_SUPPLIED RECORDS:_
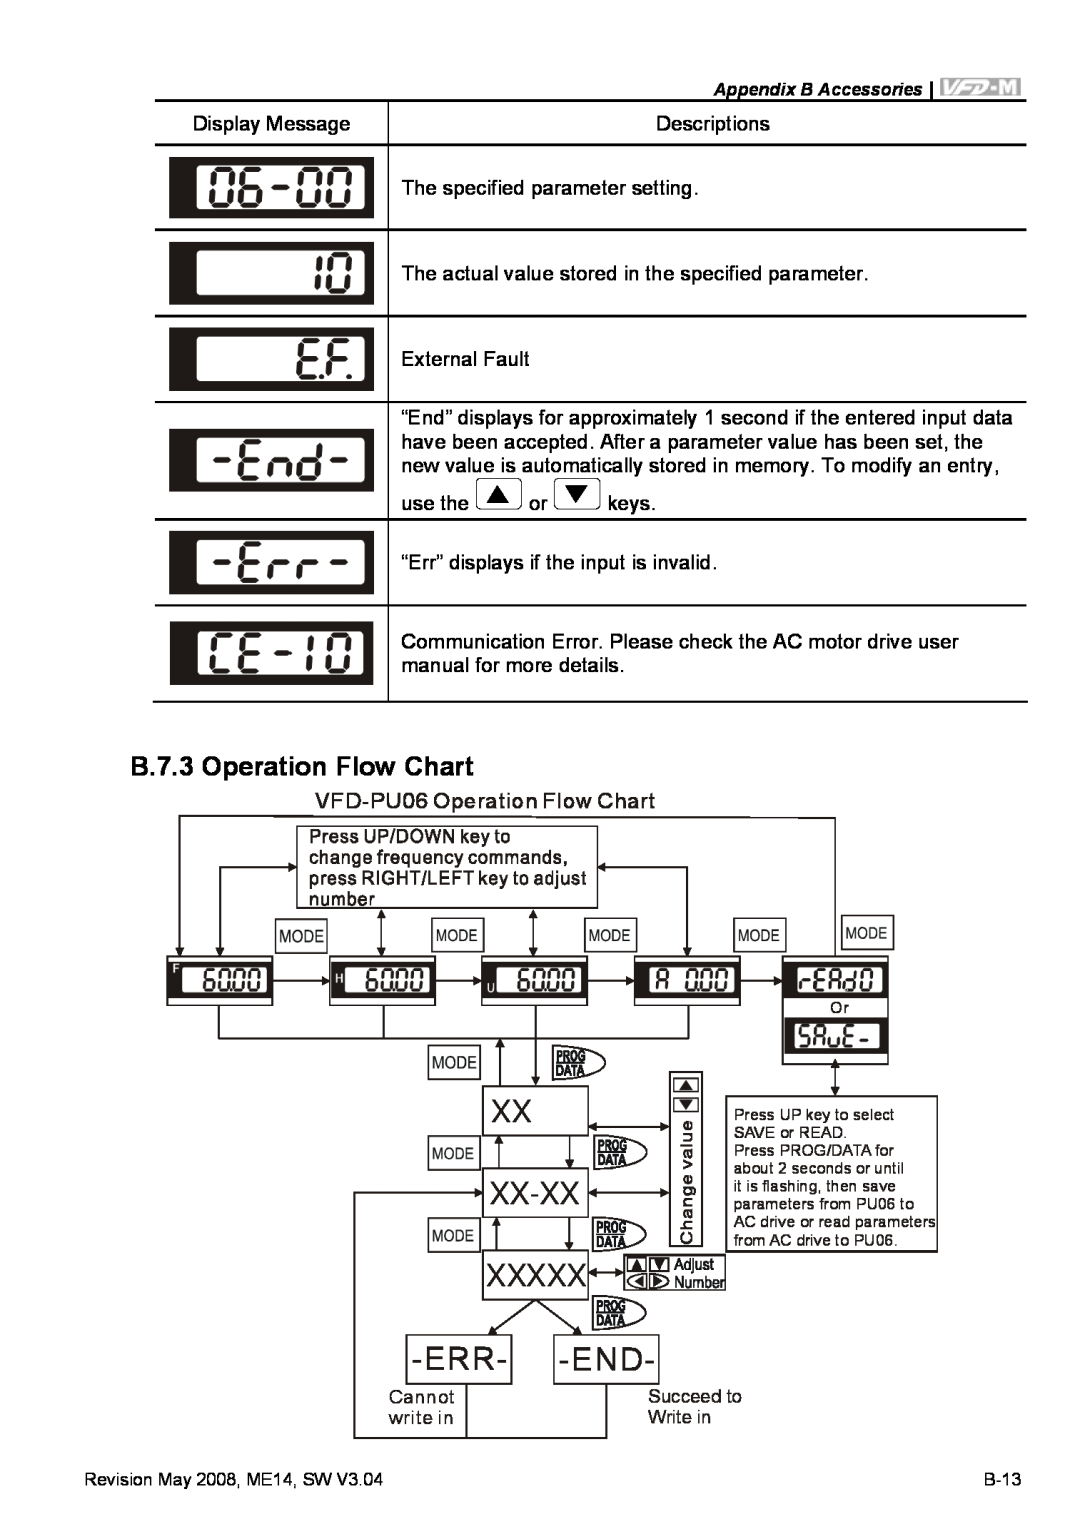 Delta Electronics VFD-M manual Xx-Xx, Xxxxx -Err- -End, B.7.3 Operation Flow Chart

* * *

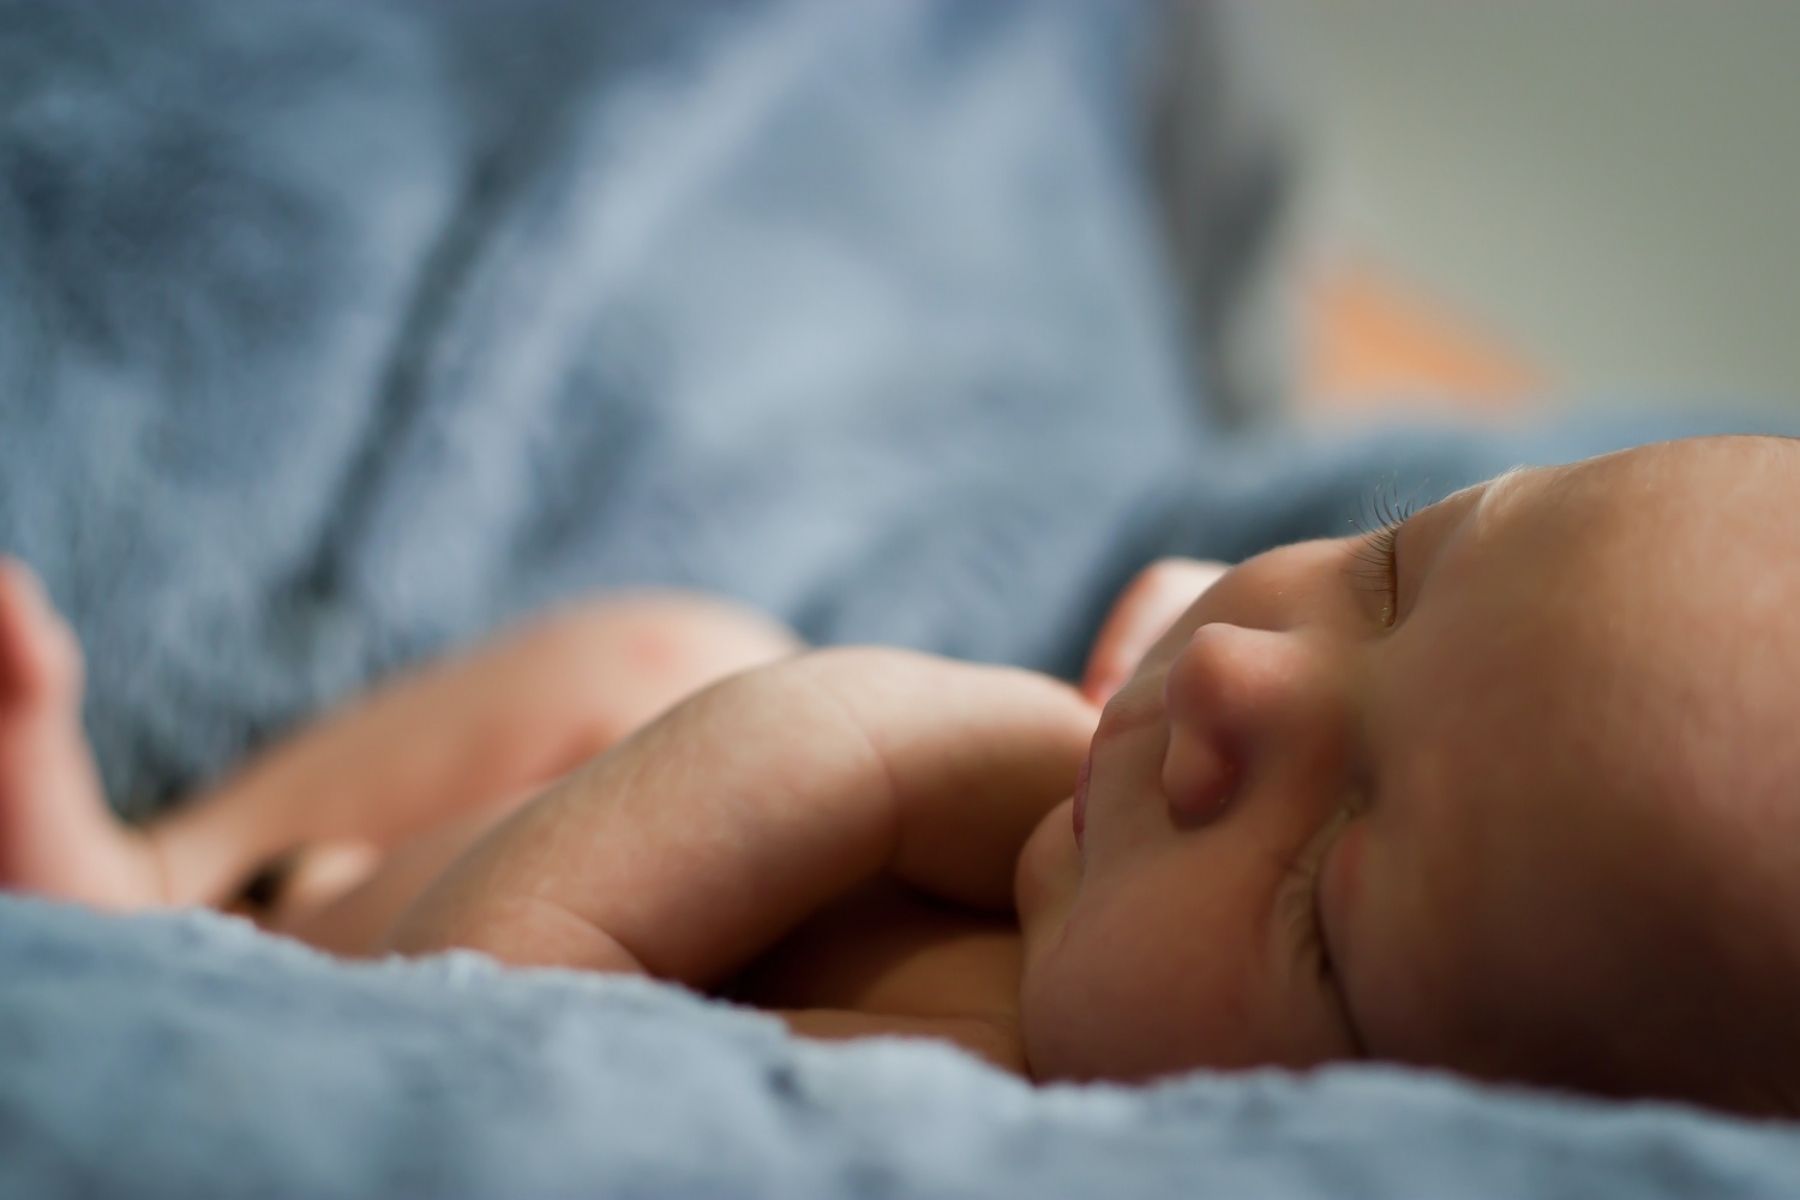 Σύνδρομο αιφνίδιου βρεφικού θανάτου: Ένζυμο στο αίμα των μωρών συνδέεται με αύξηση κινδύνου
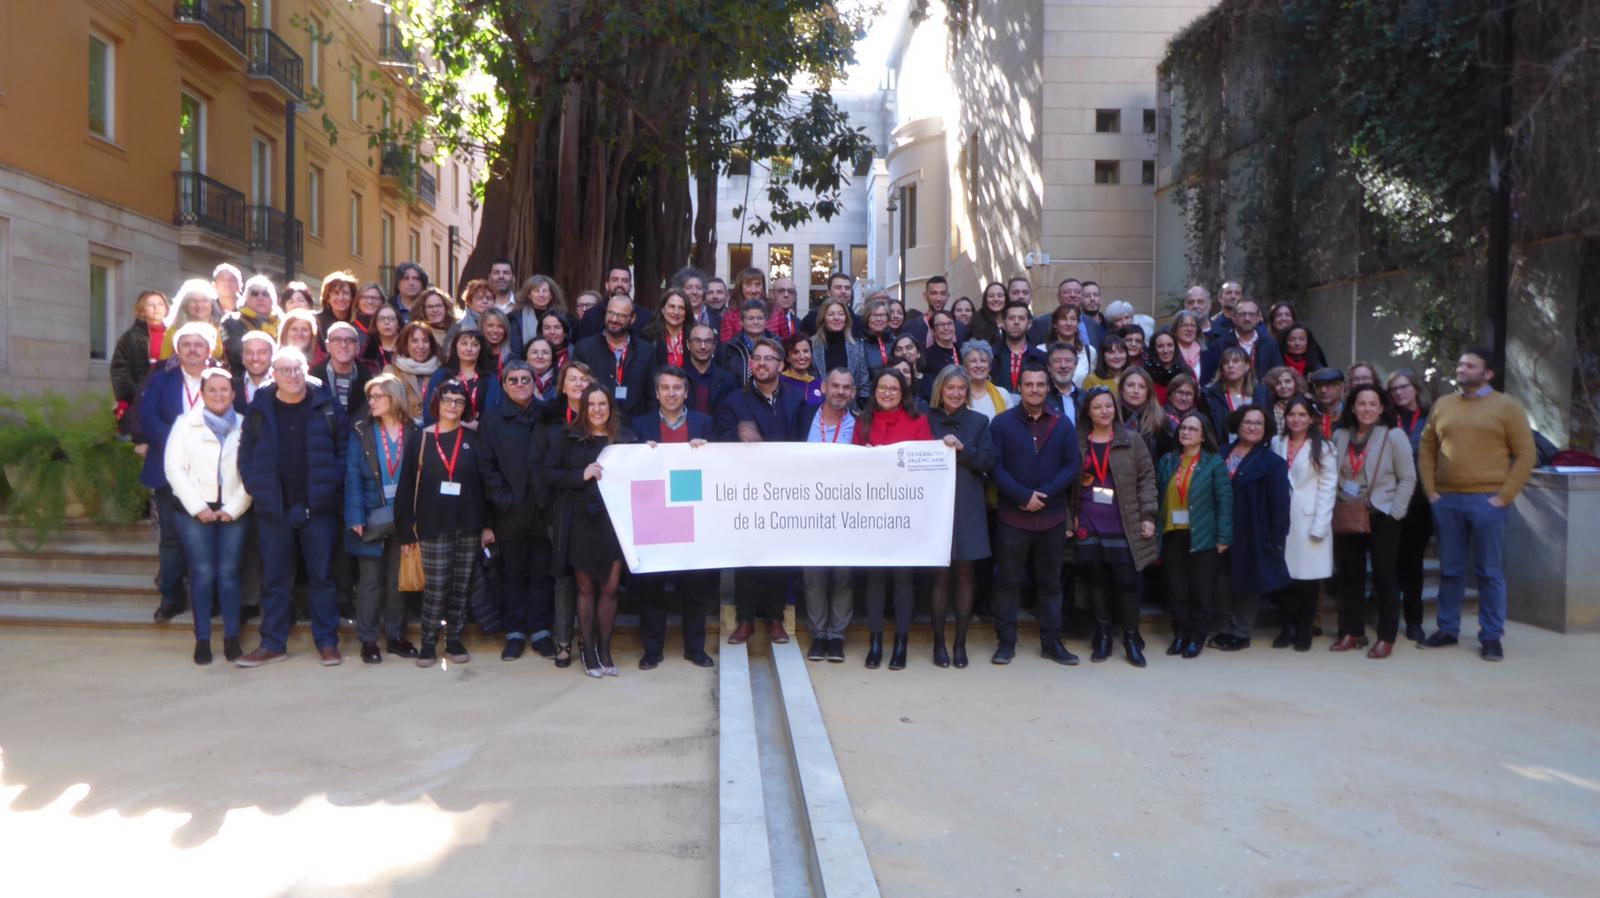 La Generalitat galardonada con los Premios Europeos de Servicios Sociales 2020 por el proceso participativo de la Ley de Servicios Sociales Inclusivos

_YOUR INSTRUCTIONS:_ Using the records above, return word for word the lines that begin at the one containing "Σύνδρομο αιφνίδιου βρεφικού" and end at the one containing "La Generalitat galardonada", both of them included and no pictures.

_RESULT BELOW:_
 Σύνδρομο αιφνίδιου βρεφικού θανάτου: Ένζυμο στο αίμα των μωρών συνδέεται με αύξηση κινδύνου
 La Generalitat galardonada con los Premios Europeos de Servicios Sociales 2020 por el proceso participativo de la Ley de Servicios Sociales Inclusivos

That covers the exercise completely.